Back at home, he stood in the kitchen, mixed himself another drink. More Long Island iced tea. The drink of the day. Wait. Great Lakes iced tea?

No. That was lame.

It was getting dark now. He looked out the window into the yard, his vision doubling for a split second as he watched the dusk give way to night. The wood fence that separated the yard from the alley turned a muted purple like the whole thing was bruised. The two mounds of dirt in front of it were the only things that had gone fully black.
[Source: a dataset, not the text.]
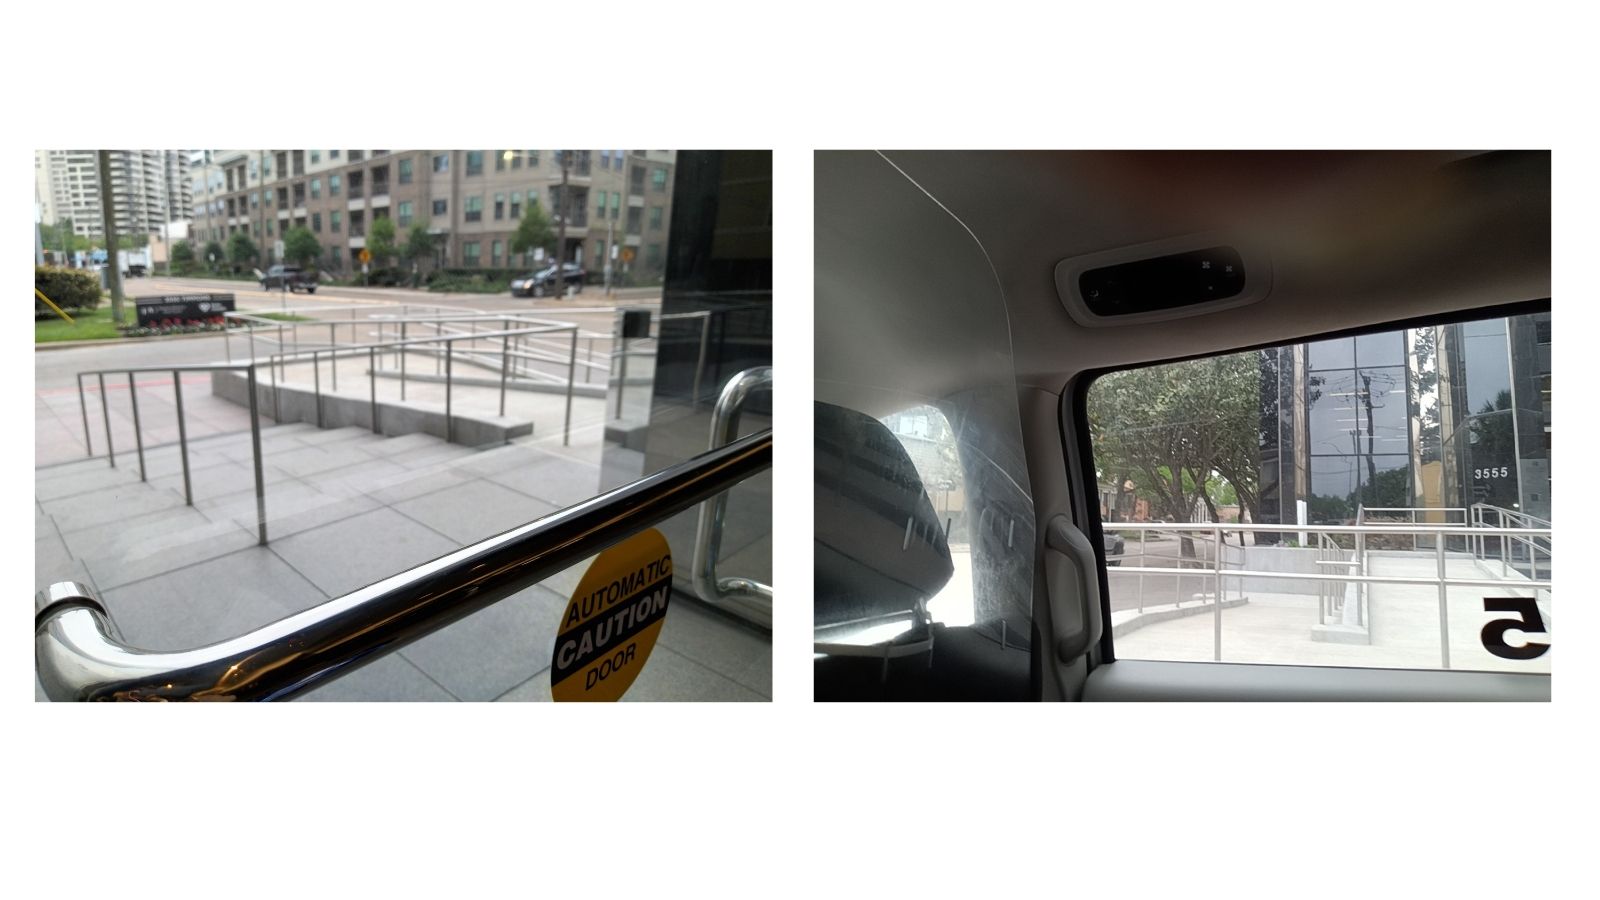 Two images depicting the new ramps at the entrance of the Houston-Galveston Area Council taken from inside a Metro Lift vehicle. Advocacy for More Accessibility and Safety

His eyes flicked away from them right away.

He reached into his pocket, touched it. Now it was a blister pack of pills he couldn’t keep his hands off of, his finger running along the foil, along the bubbled domes of plastic. So many pills. He kept this pack of pills close, a symbol of all of the others he’d stashed away with the booze and the weed and the mountain of cigarette cartons. He locked all of them in the bedroom, in his parents’ bedroom. Not like they were using it anymore.

He was finally starting a family of his own, maybe: alcohol and nicotine and oxycodone and the rest. His kids. He loved all of his children, but he had a favorite. The new addition. The pills. So much pain would be killed. So much anxiety would be Xanaxed and Valiumed and Klonopined away into nothing, into bliss, into painlessness without end.

He had to wait. Tomorrow. Tomorrow would be a pill day. He had a rotation.

He chugged down the rest of his drink and took a step forward on the ceramic tile, his legs going a little wobbly underneath him. He smiled. This was all he wanted. He felt numb, and tomorrow he would feel number still. That was the game plan. From now until oblivion.

He walked into the living room and sat down, pulled a pack of Parliaments from his pocket. Cigarettes had been his first stop, before food even, and he had a ton: Marlboros, Camels, Winstons, Pall Malls, Newports, Basics, Kents, and on and on. Brands he’d never even heard of. He had counted the cartons up, but he couldn’t remember the number now. 226 or something like that. A lot. If he smoked a pack a day, he had enough for over six years. He kind of figured he’d cut back to half a pack a day toward the end to stretch them out for another year or two.